One final note: HDFC adjusts SmartBuy terms, transfer ratios and partner lists periodically. The broad structure described here has been stable for some time, but always verify the current rates at HDFC's SmartBuy portal and the rewards terms page before making redemption decisions. What's true today might shift with a product update.
Frequently asked questions
What is the value of 1 HDFC Infinia reward point in rupees?
On SmartBuy flight bookings, approximately ₹1 per point (subject to a monthly cap of around 1.5 lakh points). On merchandise or statement credits, the value is typically lower — often ₹0.25–₹0.50 per point. Verify current rates on HDFC SmartBuy before redeeming, as the exact value varies by redemption category and any ongoing promotions.
What is the transfer ratio from HDFC Infinia to Air India Flying Returns?
Typically 2 Infinia points = 1 Flying Returns mile. So 1,00,000 Infinia points transfers to 50,000 Flying Returns miles. Transfers are one-way and irreversible — do the award math before transferring, and confirm the ratio is current on HDFC Bank's rewards portal.
Should I use Infinia points on SmartBuy or transfer to Singapore Airlines KrisFlyer?
For domestic flights or economy international, SmartBuy at ₹1 per point is typically better value on a practical basis because award seat availability is guaranteed. For Singapore Airlines Business Class or Suites on long-haul routes, the KrisFlyer transfer can yield potentially 2–4x the value per point — but only if you can find and confirm Saver award space before transferring. The transfer is irreversible, so confirm availability first.
What is the monthly cap on HDFC Infinia SmartBuy flight redemptions?
Around 1.5 lakh Infinia reward points per calendar month can be used for flight redemptions on SmartBuy. This cap rarely affects individual domestic bookings but is relevant for large family trips or multiple international flights in one month. Verify the current cap on HDFC SmartBuy's terms page.
Can I still transfer HDFC Infinia points to Club Vistara?
No.

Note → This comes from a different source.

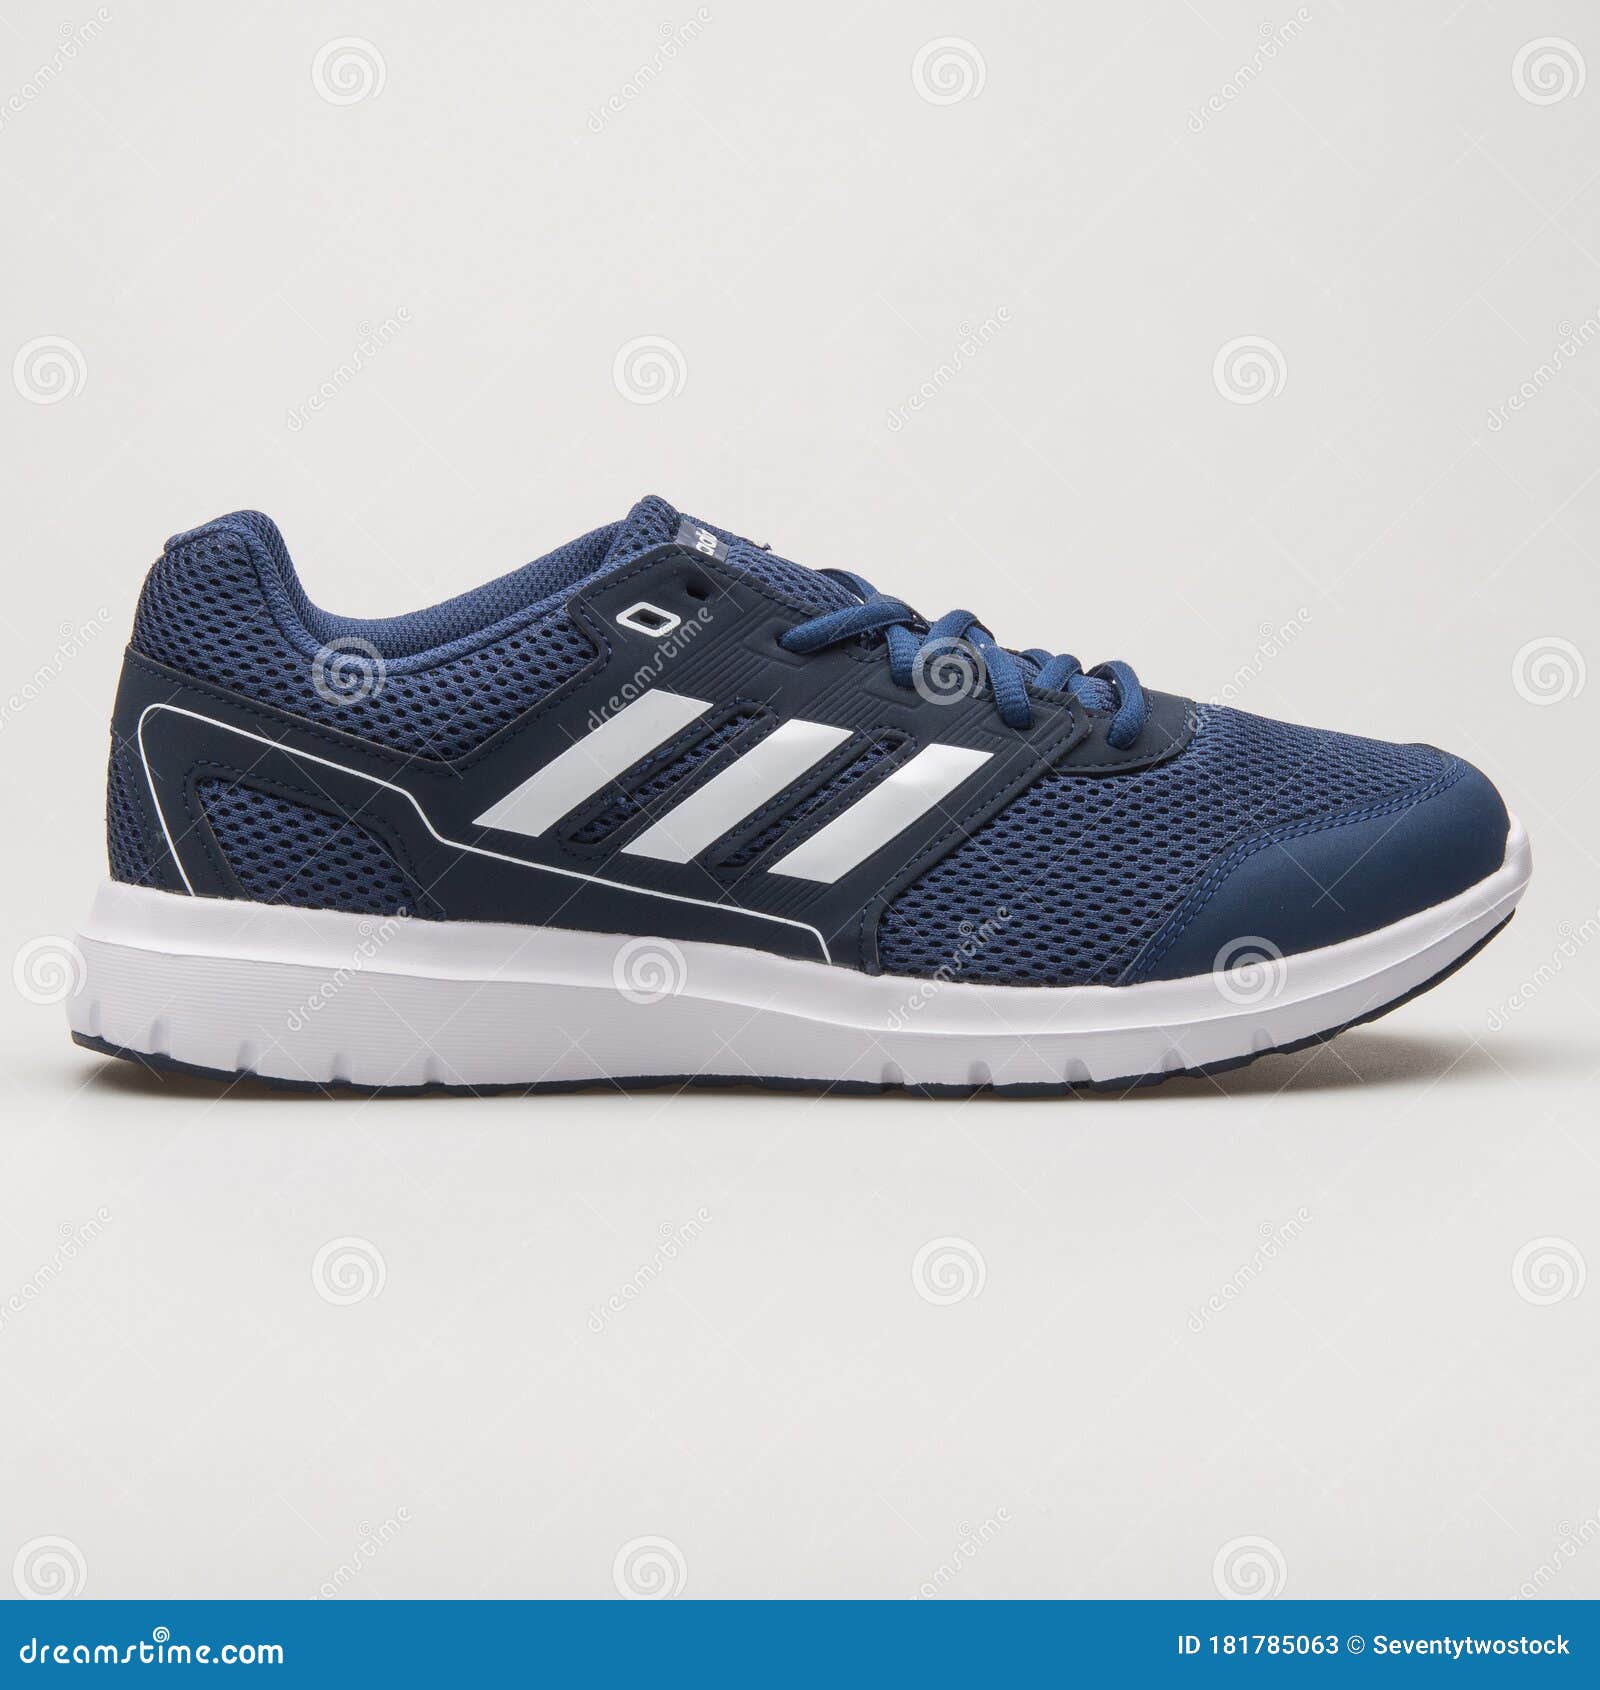 por favor no lo hagas pubertad contaminación Adidas Duramo Lite 20 Zapatillas Azul Marino Y Blanco Foto de archivo  editorial - Imagen de accesorios, calzado: 181785063

Vistara fully merged into Air India in 2024, and Club Vistara ceased to exist as an independent loyalty program. Vistara's frequent flyer program was folded into Air India Flying Returns. New transfers from Infinia to Club Vistara are no longer possible; the relevant transfer partner is now Air India Flying Returns.
How do HDFC Infinia points expire?
HDFC Infinia reward points typically don't expire as long as the card remains active and in good standing — this is one of the program's advantages over some competitors. However, if the card is closed, points are forfeited. HDFC may also adjust point expiry terms, so verify the current policy in your card's Most Important Terms and Conditions document or by calling HDFC customer care.